The development of improved formulations and delivery methods for Kenalog could enhance its efficacy and patient compliance. For instance, the use of ionizing radiation to modify Kenalog has shown promising results in cancer treatment, indicating potential for other therapeutic applications[4].

Expanding Indications

Clinical trials and research are continually exploring new indications for Kenalog. The potential benefits in preventing or delaying OA in patients with ACL injuries highlight the drug's versatility and the need for further research in various therapeutic areas[1].

Key Takeaways

Clinical Trials: Kenalog has shown promising results in clinical trials for ACL injury and osteoarthritis prevention, as well as in modified forms for cancer treatment.
Market Analysis: The drug maintains a significant market presence, particularly in the DME market, due to its cost-effectiveness and off-label use.
Market Projections: The DME market is expected to grow, with steroids like Kenalog continuing to play a role until non-invasive treatments become more prevalent.
Competitive Landscape: Anti-VEGF agents dominate the DME market, but the use of steroids like Kenalog persists due to cost and availability factors.

FAQs

What is Kenalog used for?

Kenalog, or triamcinolone acetonide, is used to treat various inflammatory conditions, skin diseases, and ophthalmic disorders, including diabetic macular edema (DME).

What are the recent clinical trial findings for Kenalog in ACL injuries?

Recent clinical trials have shown that early administration of Kenalog in patients with acute ACL tears can reverse biomarker levels indicative of osteoarthritis and potentially improve joint health.

How does Kenalog compare to anti-VEGF agents in the DME market?

Kenalog is used off-label in the DME market due to its lower cost compared to anti-VEGF agents like Eylea, which dominate the market due to their superior efficacy.

What are the potential future directions for Kenalog?

Future directions include the development of improved formulations, expanded indications, and the use of modified forms of Kenalog for cancer treatment.

What is the projected growth of the DME market, and how will it affect Kenalog?
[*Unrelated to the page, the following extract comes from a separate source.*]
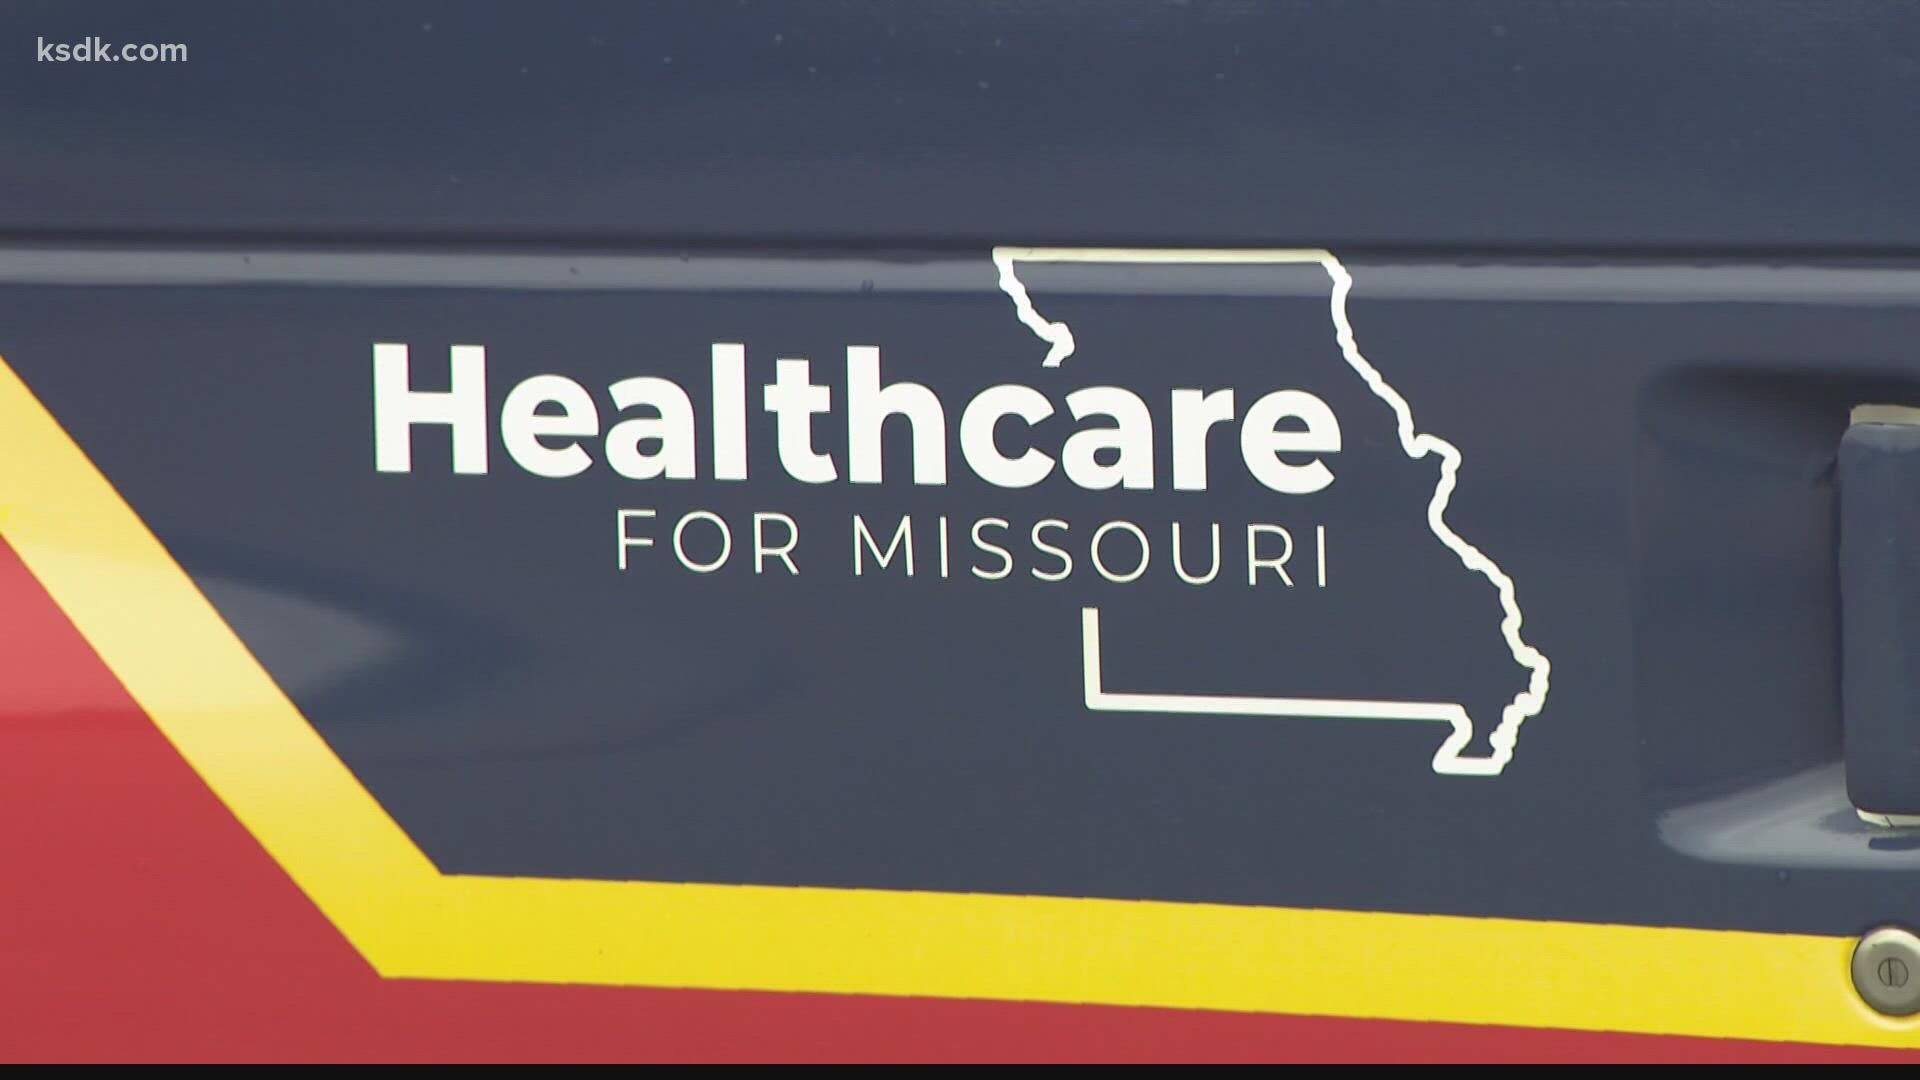 Medicaid expansion for about 275,000 eligible Missourians, finally took effect this week.

The DME market is projected to grow to $3.3 billion by 2025, with steroids like Kenalog expected to continue playing a role due to their cost-effectiveness until non-invasive treatments become more prevalent.

Sources

Triamcinolone Treatment In Patients with Acute ACL Tear and Pain - Scholars UK.
Kenalog-40 Injection approved and available through Amneal Biosciences - Biospectrum Asia.
Marinus Pharmaceuticals Provides Update on the Phase 3 RAISE Trial - Business Wire.
Kenalog modified by ionizing radiation induces intrinsic apoptosis - Spandidos Publications.
Outlook of Diabetic Macular Edema (DME) 2020-2025 - Business Wire.